● **REQUIRED ACTION**
Would you transcribe the records below from the line with "Woman using public" to the line with "Pumpkin cheesecake bars with pecans on top.", ends included, exactly and with nothing more, leaving the pictures out?

● **EXERCISE DATA**
-- Opening Marker --
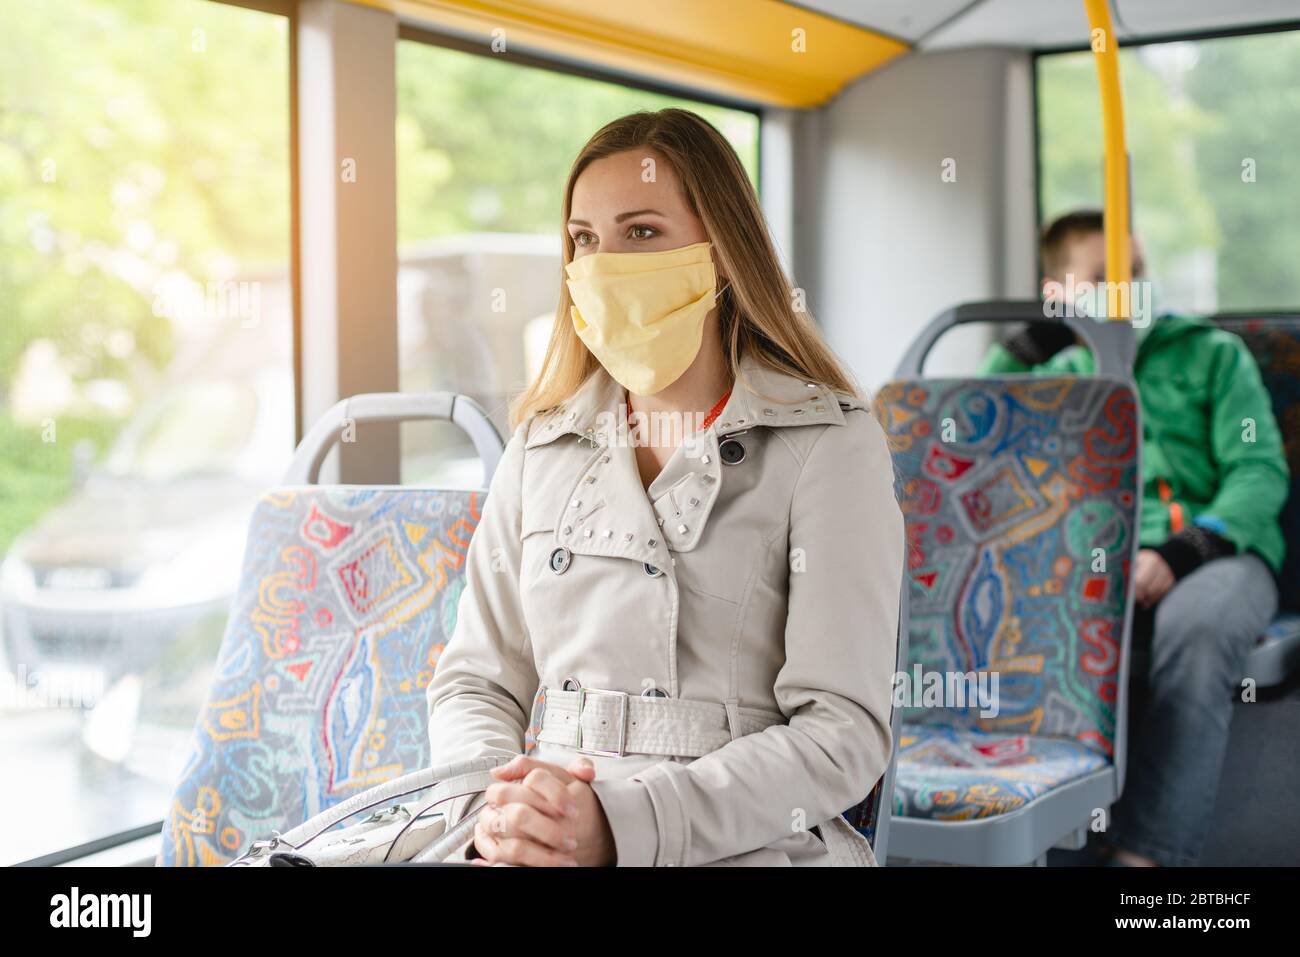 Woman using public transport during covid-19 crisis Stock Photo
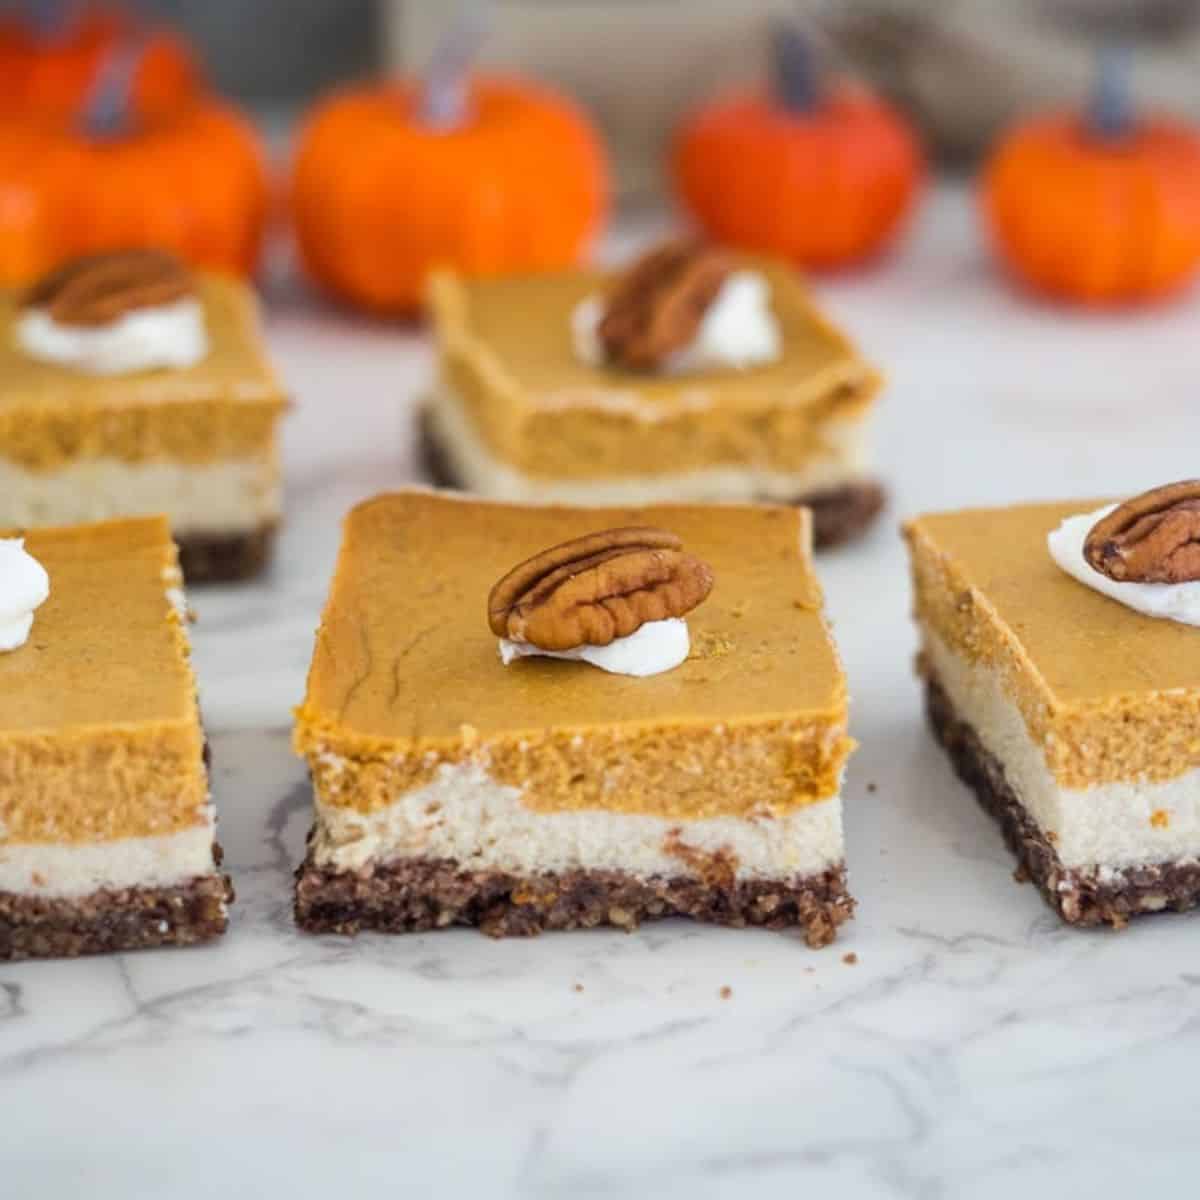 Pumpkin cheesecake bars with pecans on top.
-- Closing Marker --
-- Opening Marker --
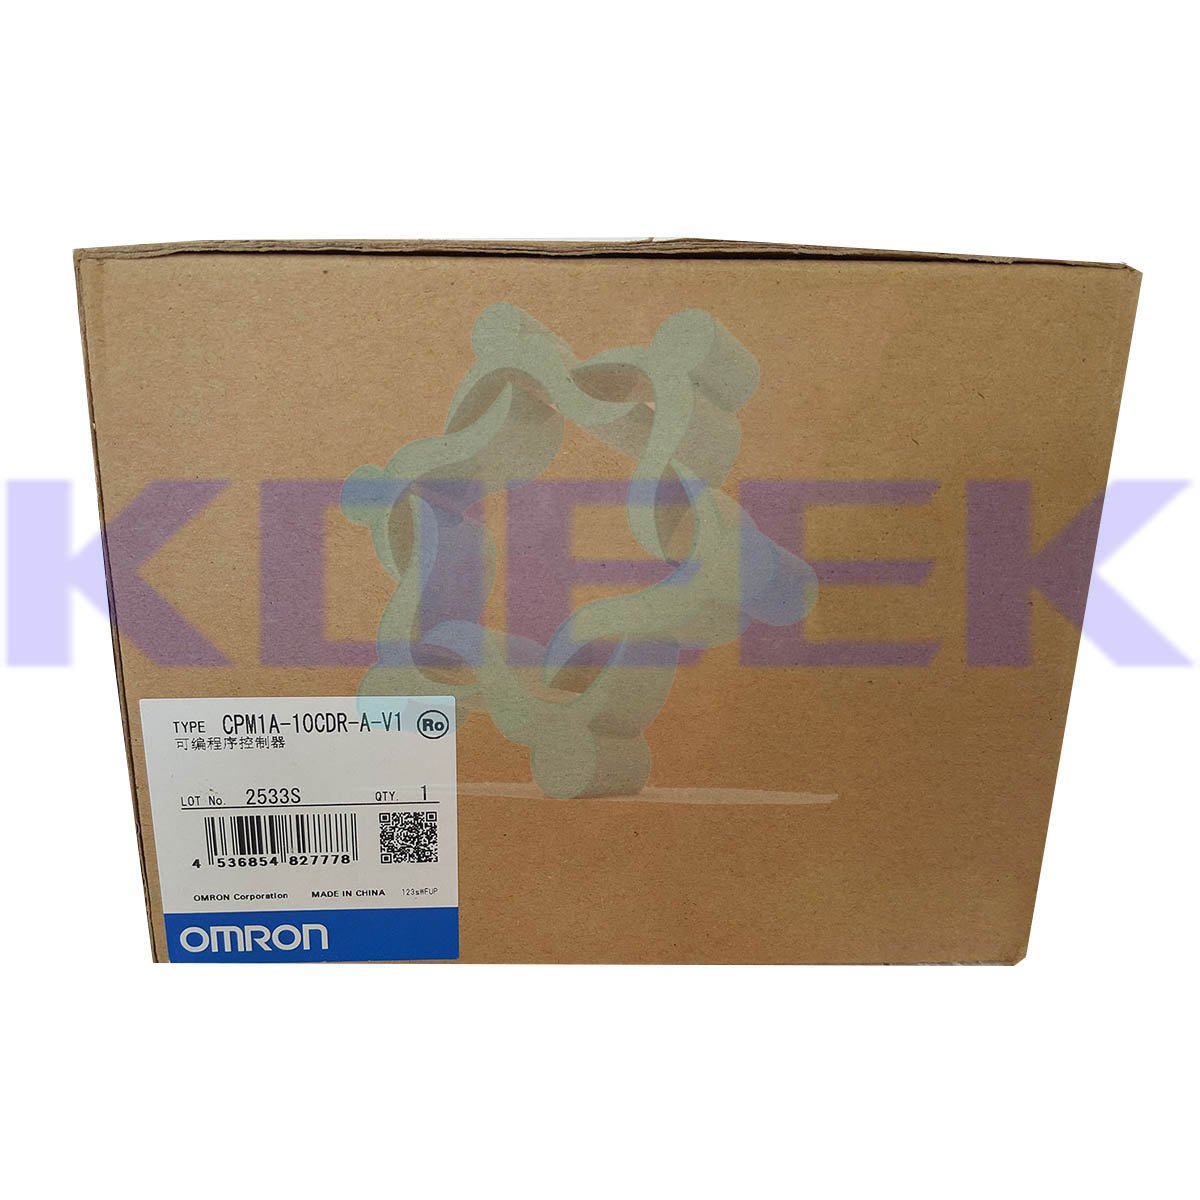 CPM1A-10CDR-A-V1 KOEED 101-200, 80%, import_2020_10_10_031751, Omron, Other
-- Closing Marker --
● **ANSWER SPACE**
 Woman using public transport during covid-19 crisis Stock Photo
 Pumpkin cheesecake bars with pecans on top.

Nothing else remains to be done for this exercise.